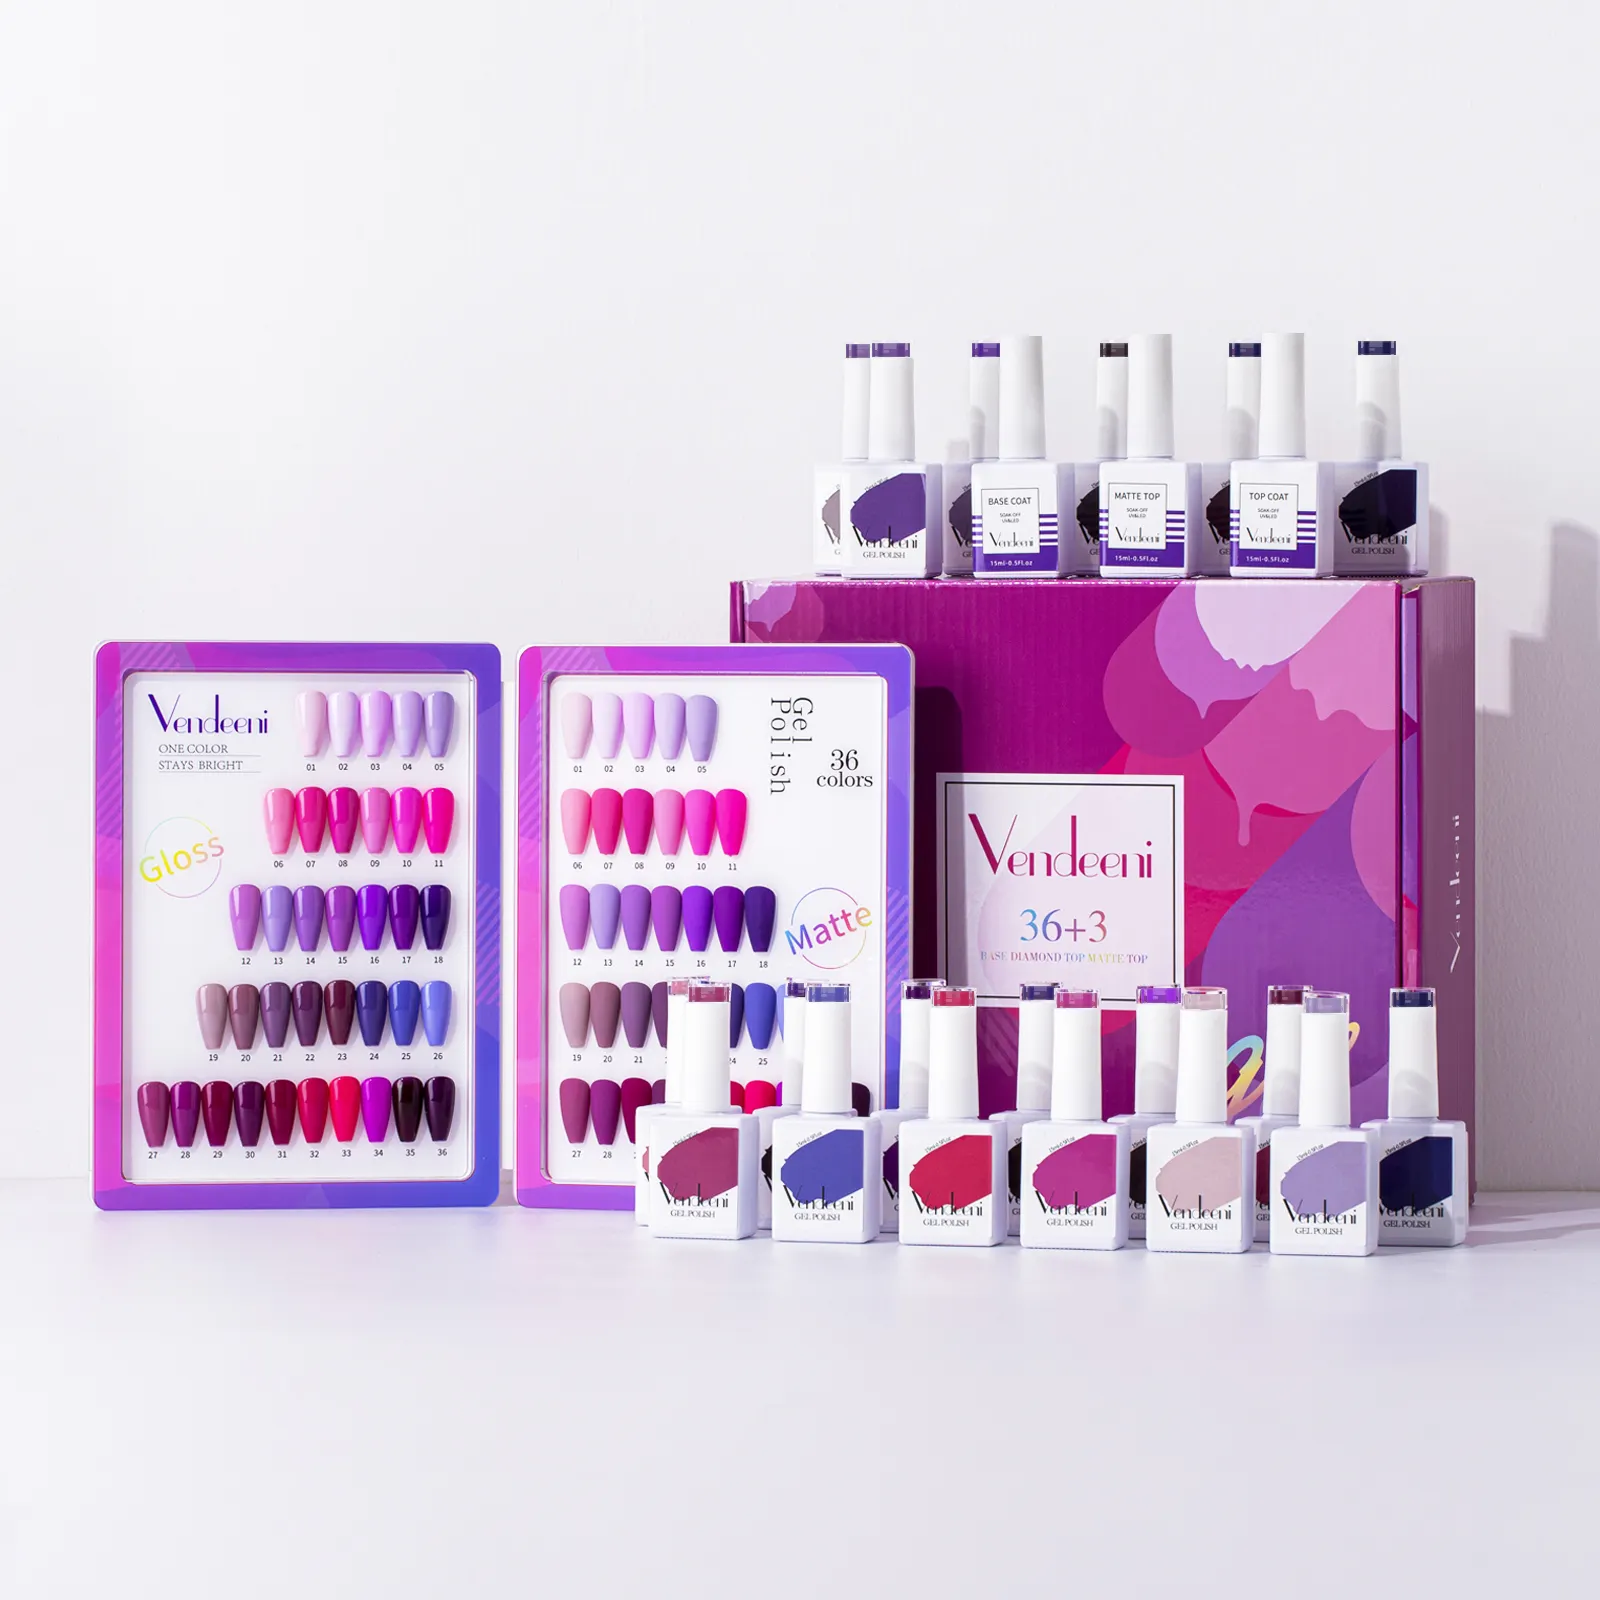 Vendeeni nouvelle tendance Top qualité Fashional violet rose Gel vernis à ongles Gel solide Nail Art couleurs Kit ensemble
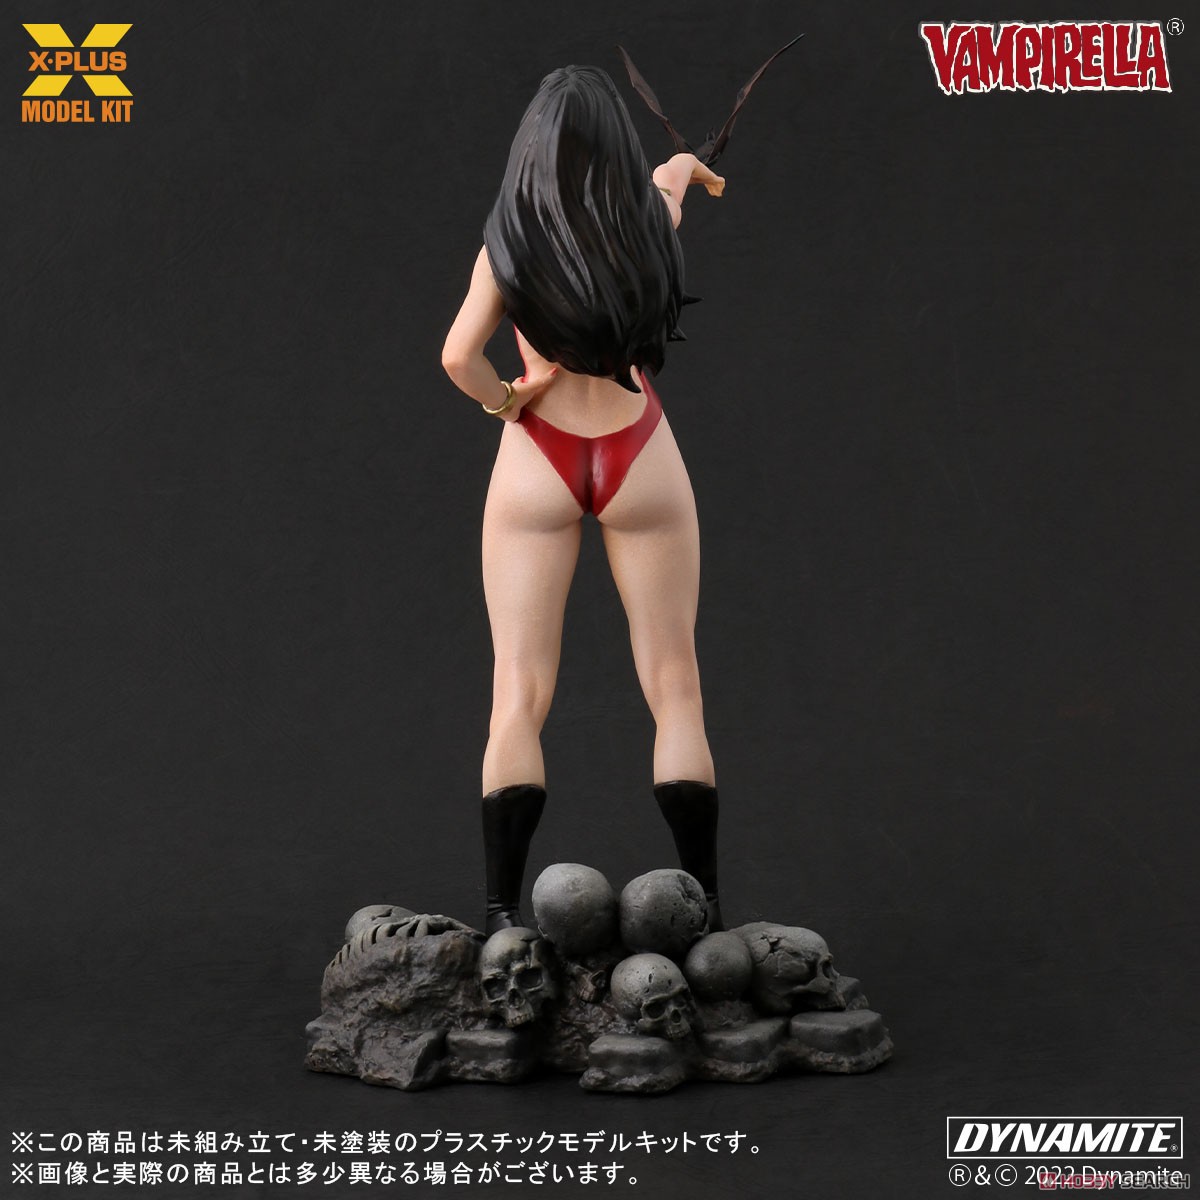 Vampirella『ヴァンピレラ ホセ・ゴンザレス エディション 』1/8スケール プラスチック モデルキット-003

#####

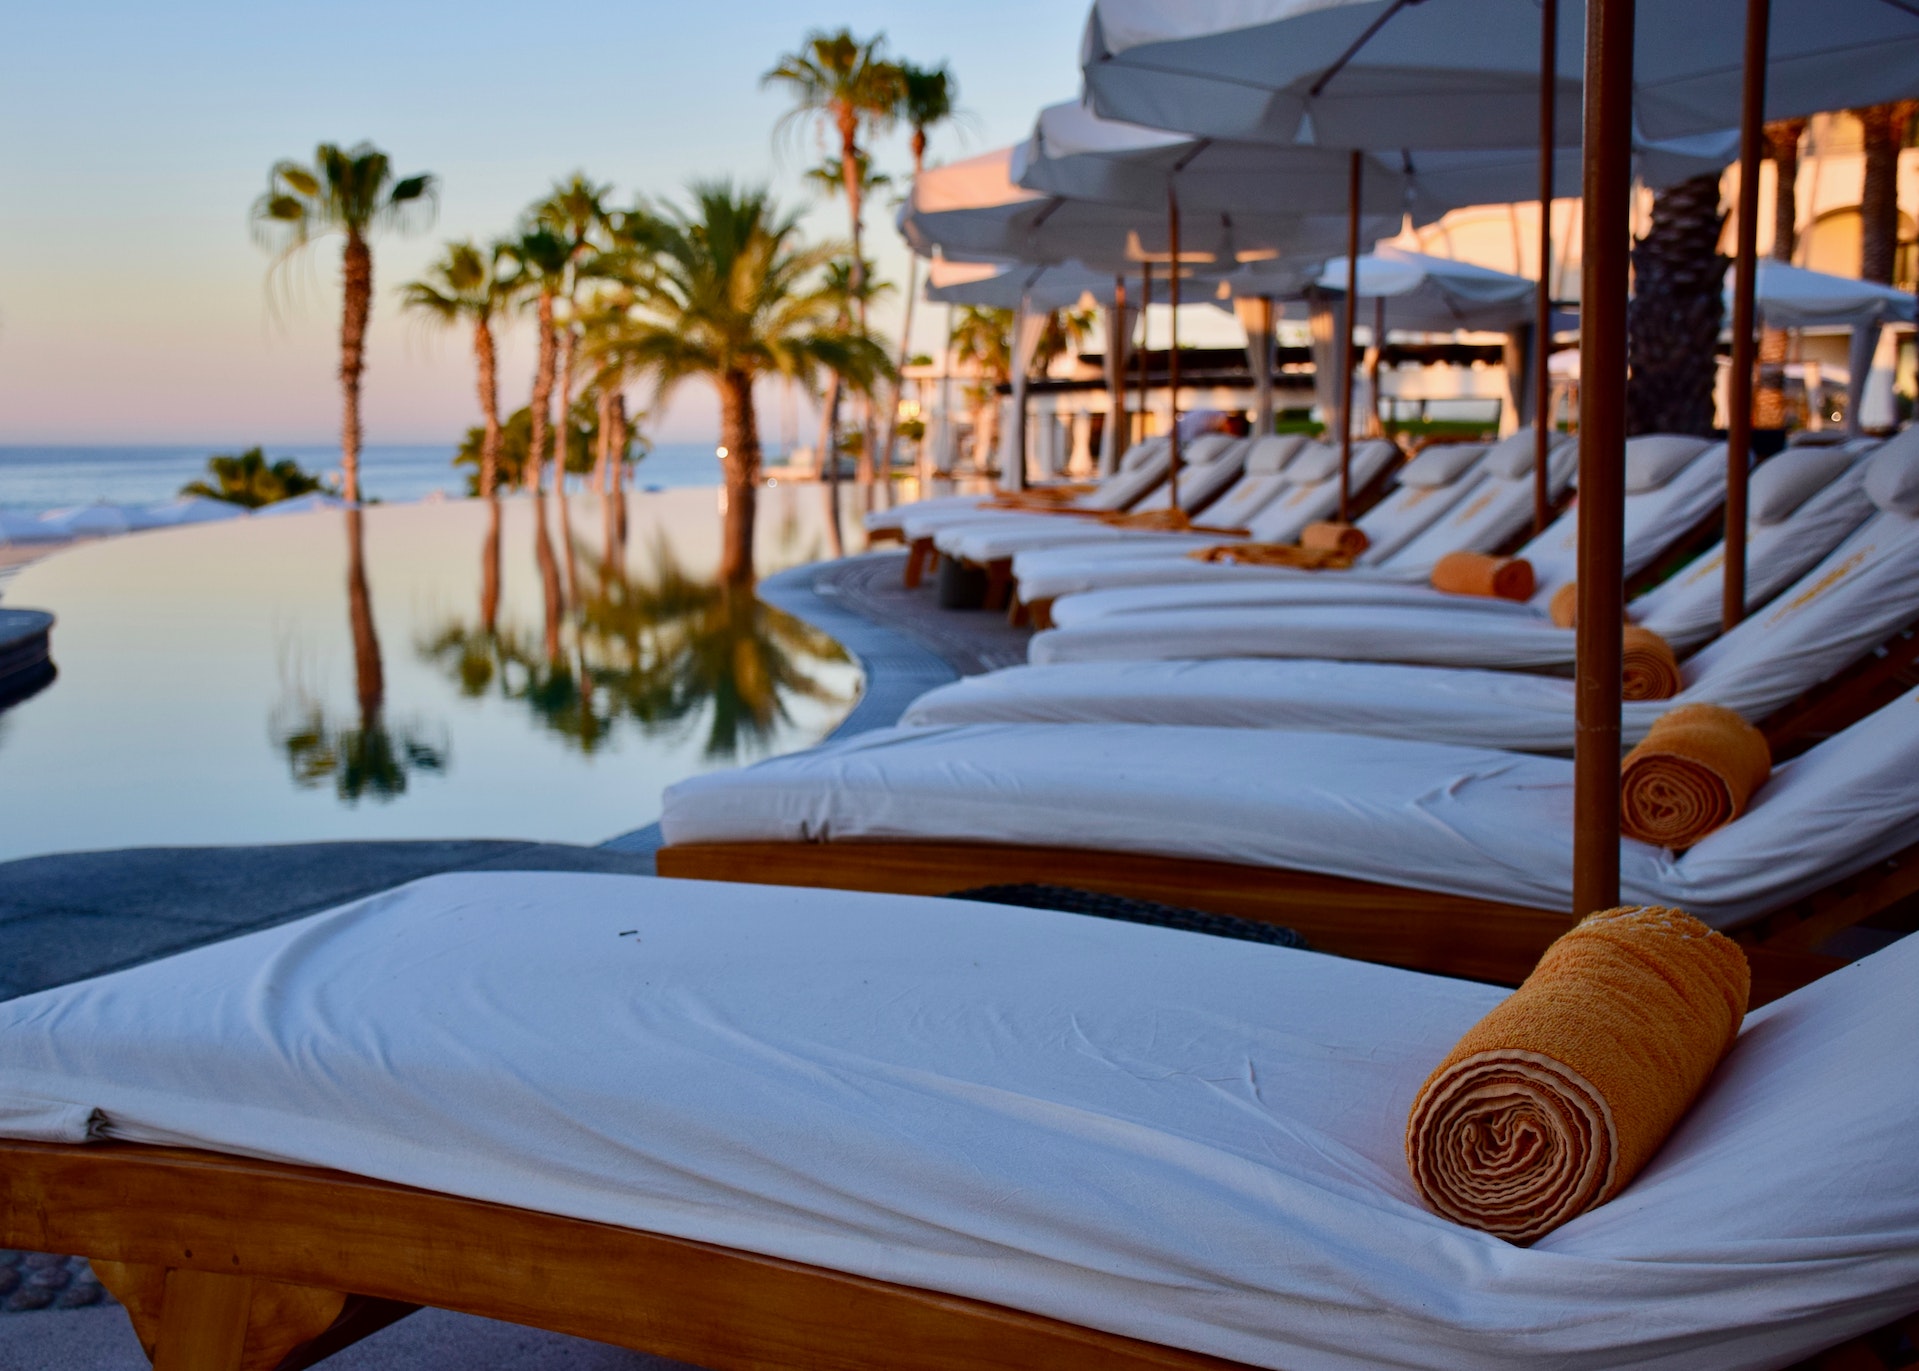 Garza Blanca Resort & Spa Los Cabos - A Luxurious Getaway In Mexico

#####

From the material above, give again exactly the lines from the one that contains "Vendeeni nouvelle tendance" through the one that contains "Vampirella『ヴァンピレラ ホセ・ゴンザレス エディション", and leave out the pictures.

## Exercise output
 Vendeeni nouvelle tendance Top qualité Fashional violet rose Gel vernis à ongles Gel solide Nail Art couleurs Kit ensemble
 Vampirella『ヴァンピレラ ホセ・ゴンザレス エディション 』1/8スケール プラスチック モデルキット-003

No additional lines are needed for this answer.